Vonage Marketing Doesn’t Scale

TheStreet.com basically destroys Vonage in this article. One wonders if all the negative press around the company makes it a good buy. I have had many people in the industry tell me the value of this company’s stock should be zero. But with the absolute best-known brand in VoIP in the world (perhaps after Skype) I have trouble betting against them.

So many people claim that customer acquisition cost is the problem with the Vonage business model.

My argument? Hypothetically speaking — If TMC spends five million dollars marketing at ITEXPO we may get 10,000 attendees. If we spend 10 million on marketing for that same show we may get 12,000 attendees. In other words that extra marketing money is much less effective.

Marketing effectiveness does not always correlate one to one with spending. Marketing ROI doesn’t always scale well.

In all the analysis I have seen about The high cost of Vonage customer acquisition, I have never seen this logic applied. Vonage may be able to be profitable and grow with a $50 million annual spend. Currently they spend many times more each year. If shareholders press them enough to be profitable they could reduce their marketing spend and the company could indeed do well.

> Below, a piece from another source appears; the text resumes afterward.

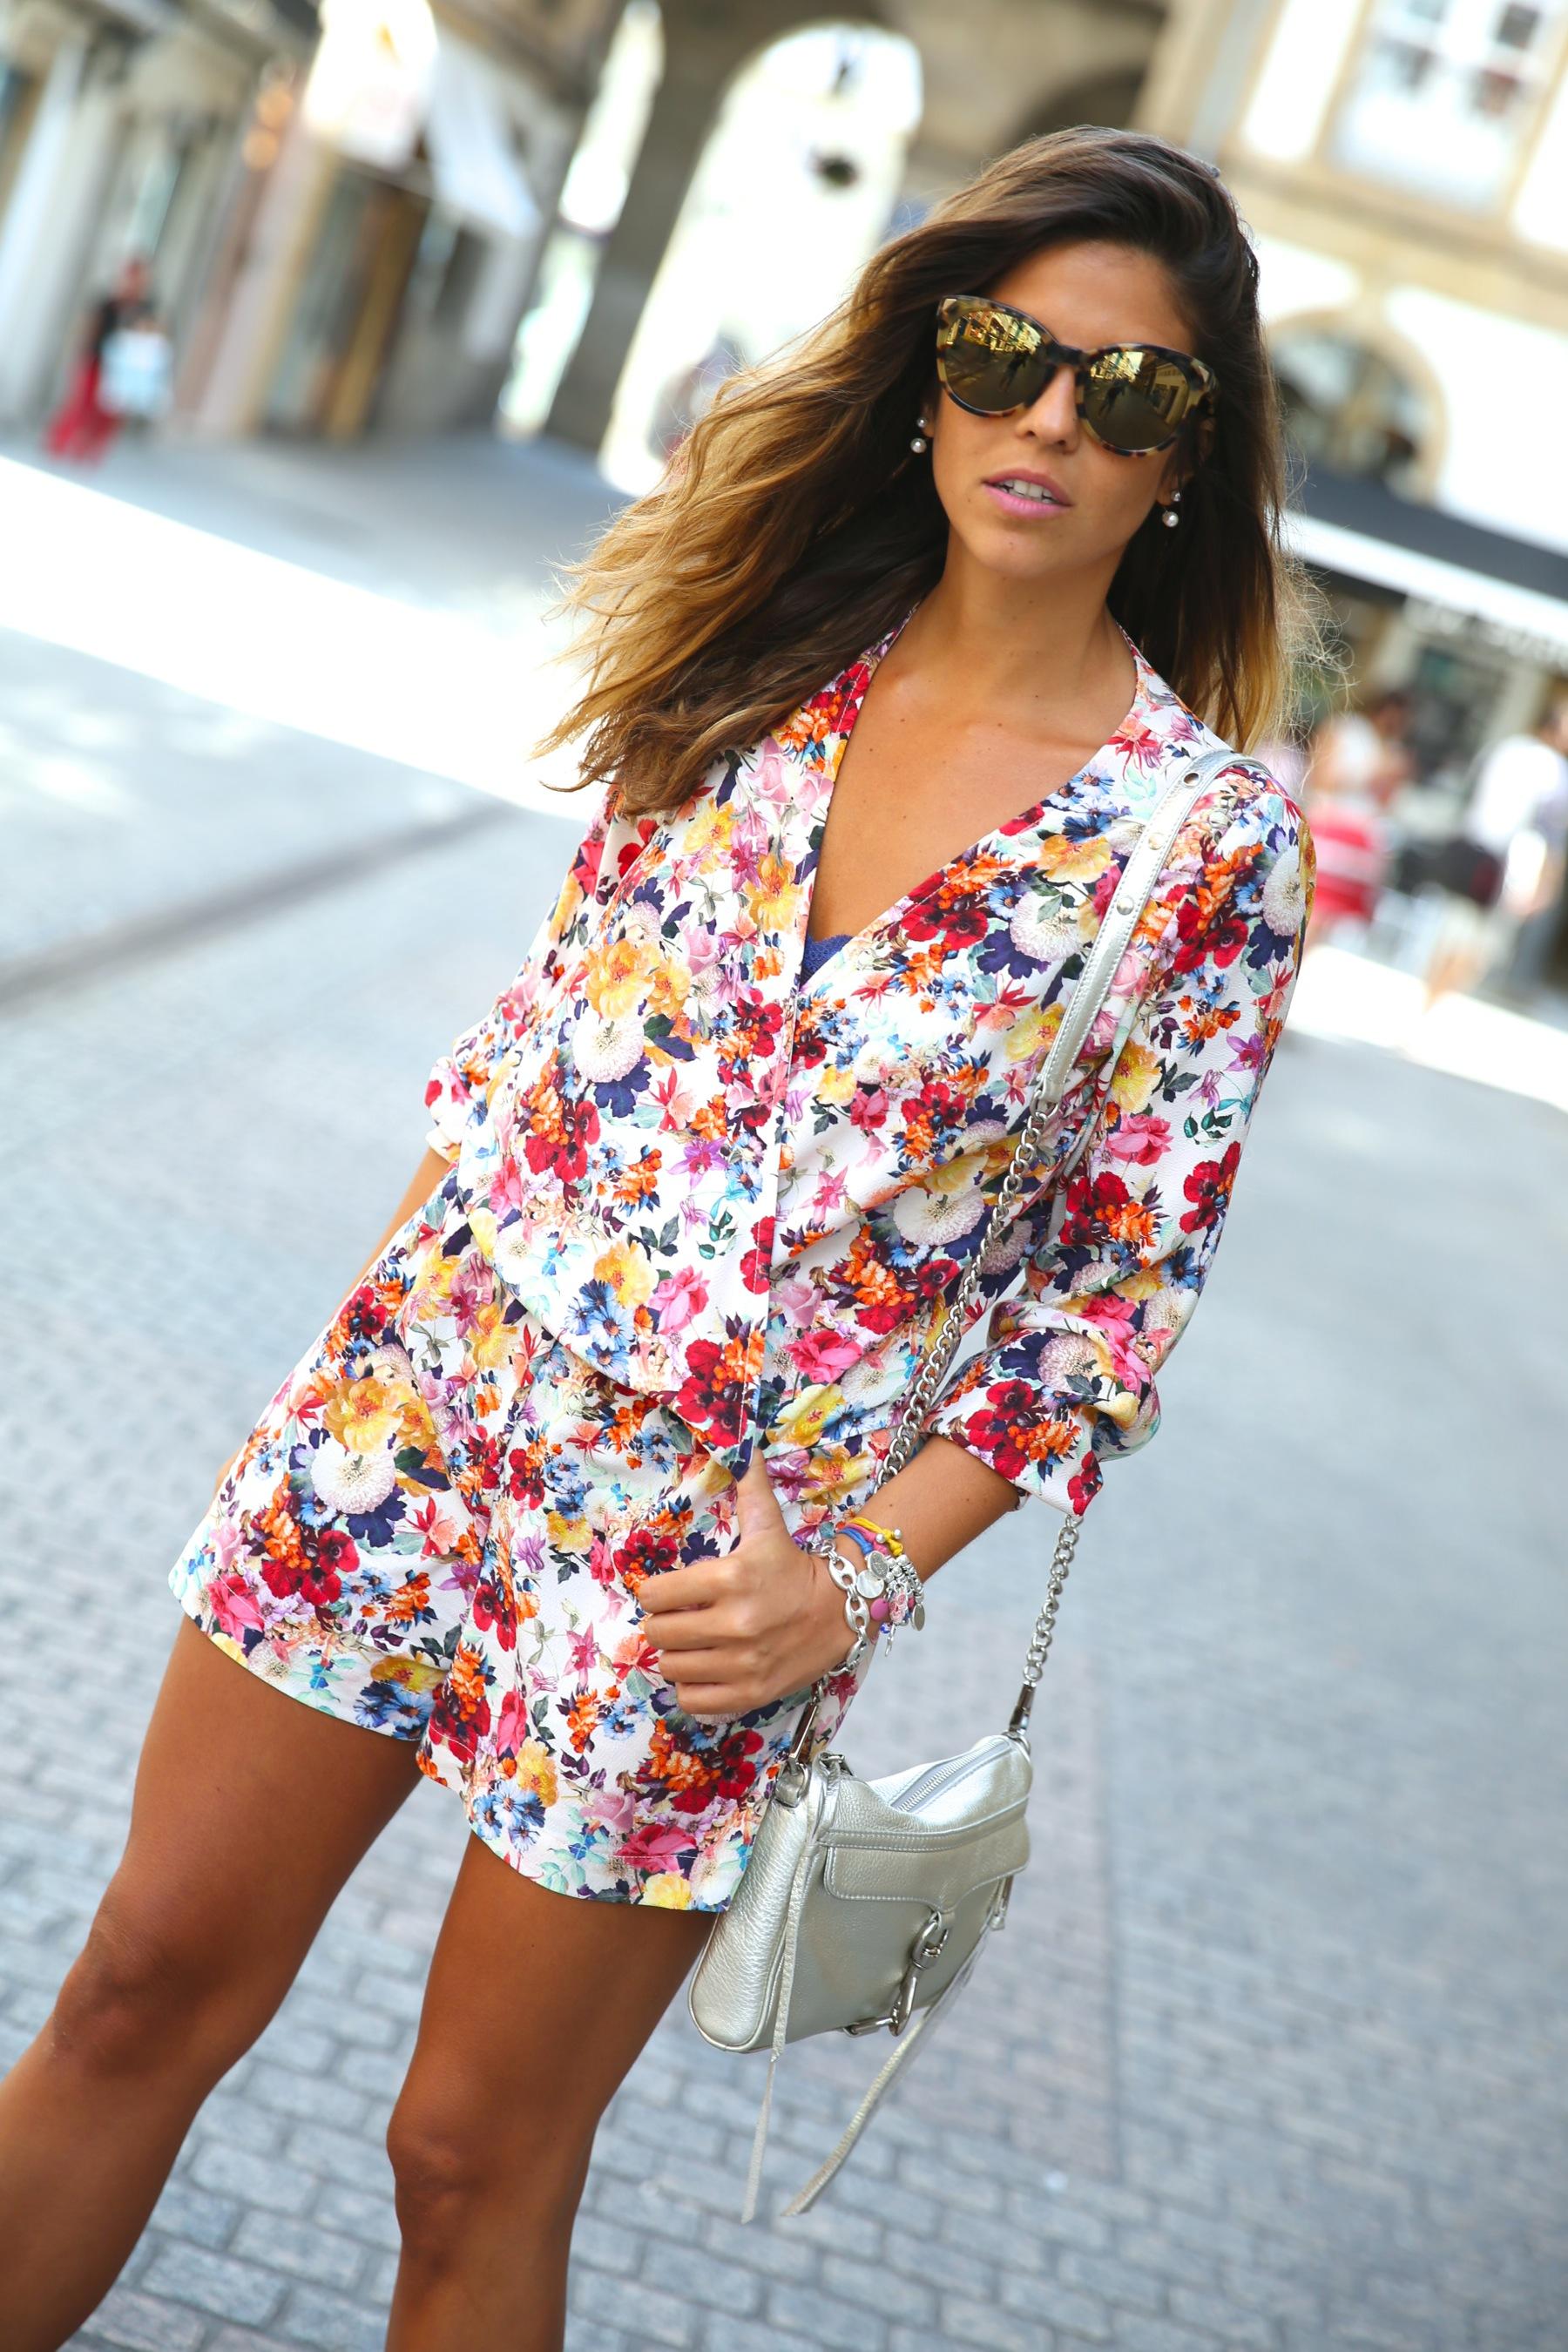 trendy_taste-look-outfit-street_style-ootd-blog-blogger-fashion_spain-moda_españa-mono-flores-flower_print-verano-summer-overall-la_coruña-3
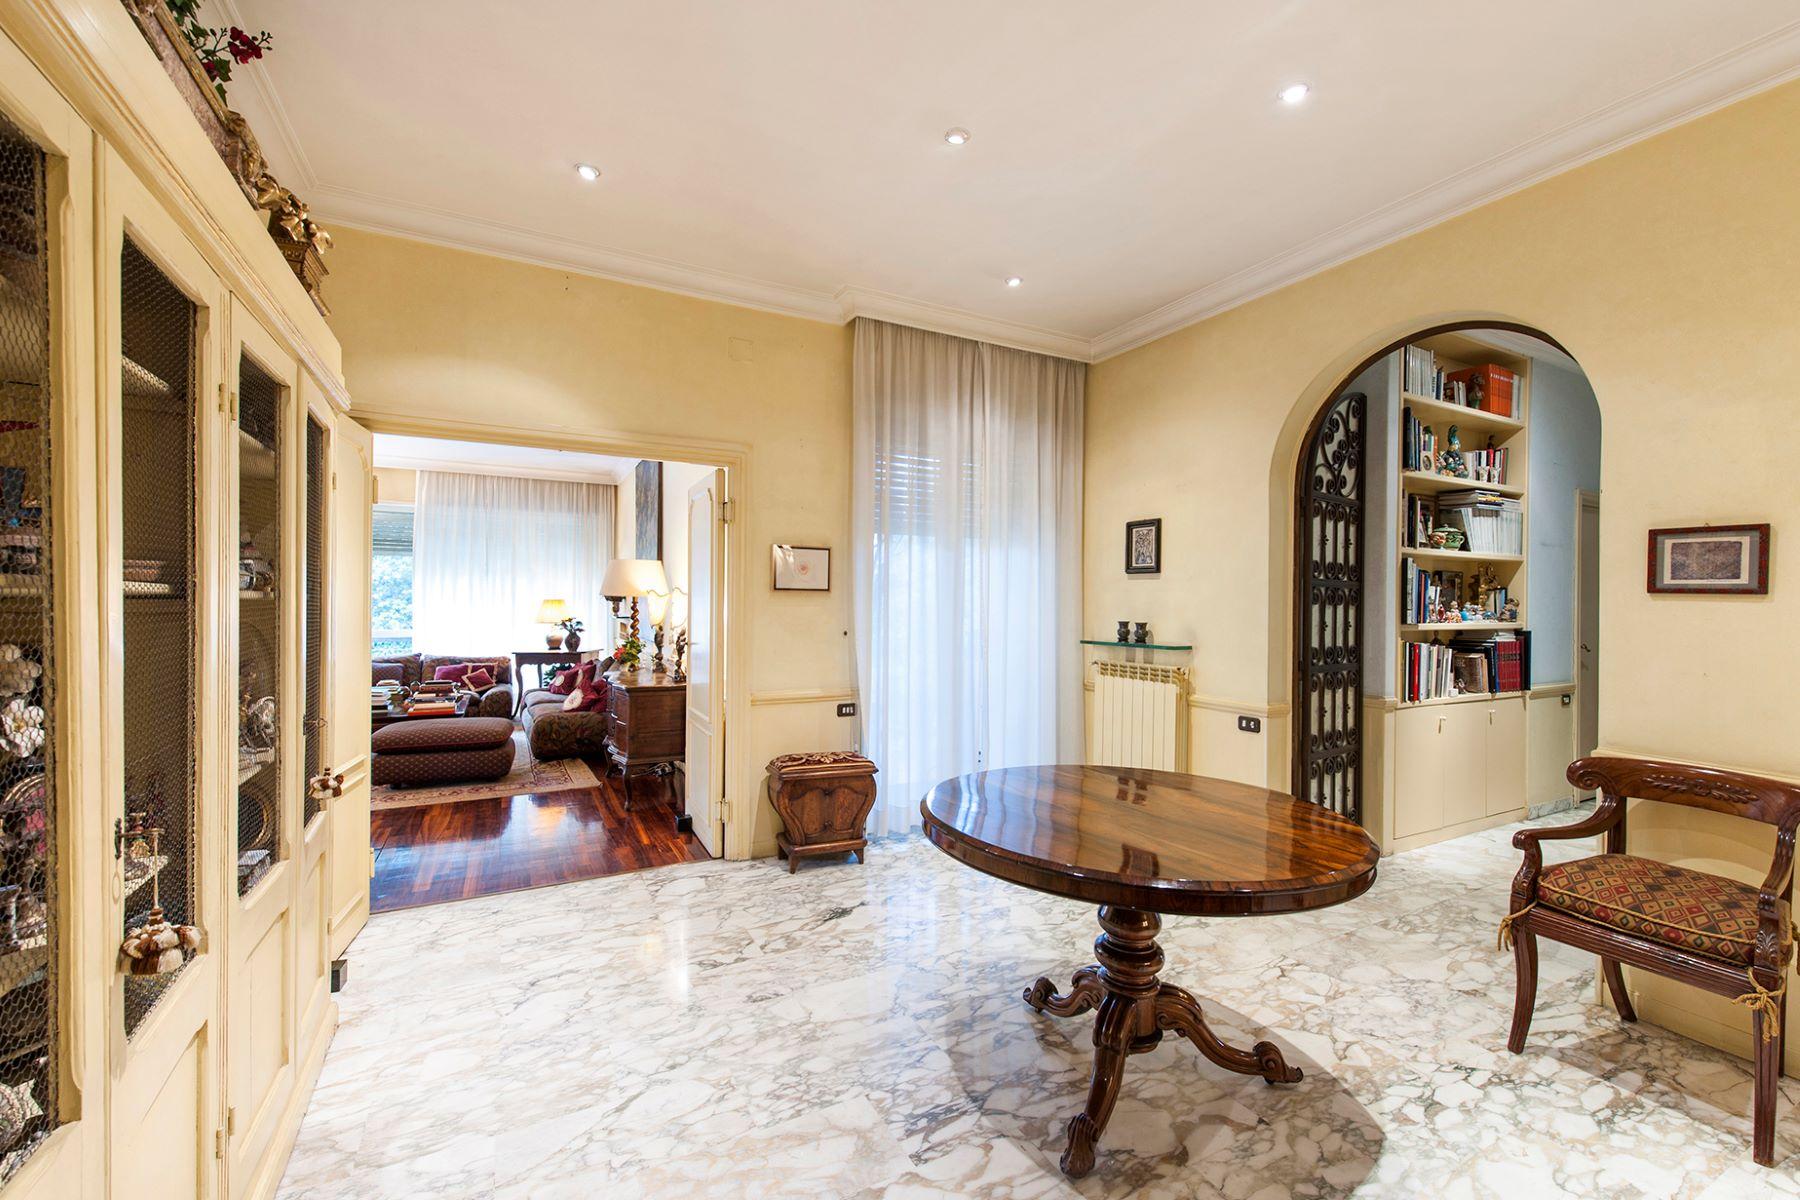 Apartamento por un Venta en Elegant apartment in Viale Cortina d'Ampezzo Rome, Roma 00135 Italia

Still, I haven’t seen anyone else discuss this point of view which means either I am totally disconnected with reality or have insights that others haven’t figured out yet. Hopefully it’s the latter.

  • sandman
    June 19, 2006 at 2:20 pm

    Are you a shareholder?
    You still seem befuddled that the stock is in the toilet. And you are under the illusion that they will be able to fix what is wrong and restore themselves to profitability. Oops, make that “become profitable” as they have yet to see their first nickel.
    The Vonage IPO is not, and never should have been mistaken with, the bellwether for the VoIP Industry, which is still thriving. They have a myriad of problems, including a scary business model.
    The investors wanted out, planned their exit with a greedy price target, and are getting hammered on the street, most of all because the public remembers the last round of fresh IPOs with pretty logos and advertising but poor business cases and deep-in-the-red financials.
    Their stock will continue to sink until a competitor (a LEC, I suspect) decides that the cost-per-sub acquisition price is sufficiently low enough, and then all this Vonage business will be behind us.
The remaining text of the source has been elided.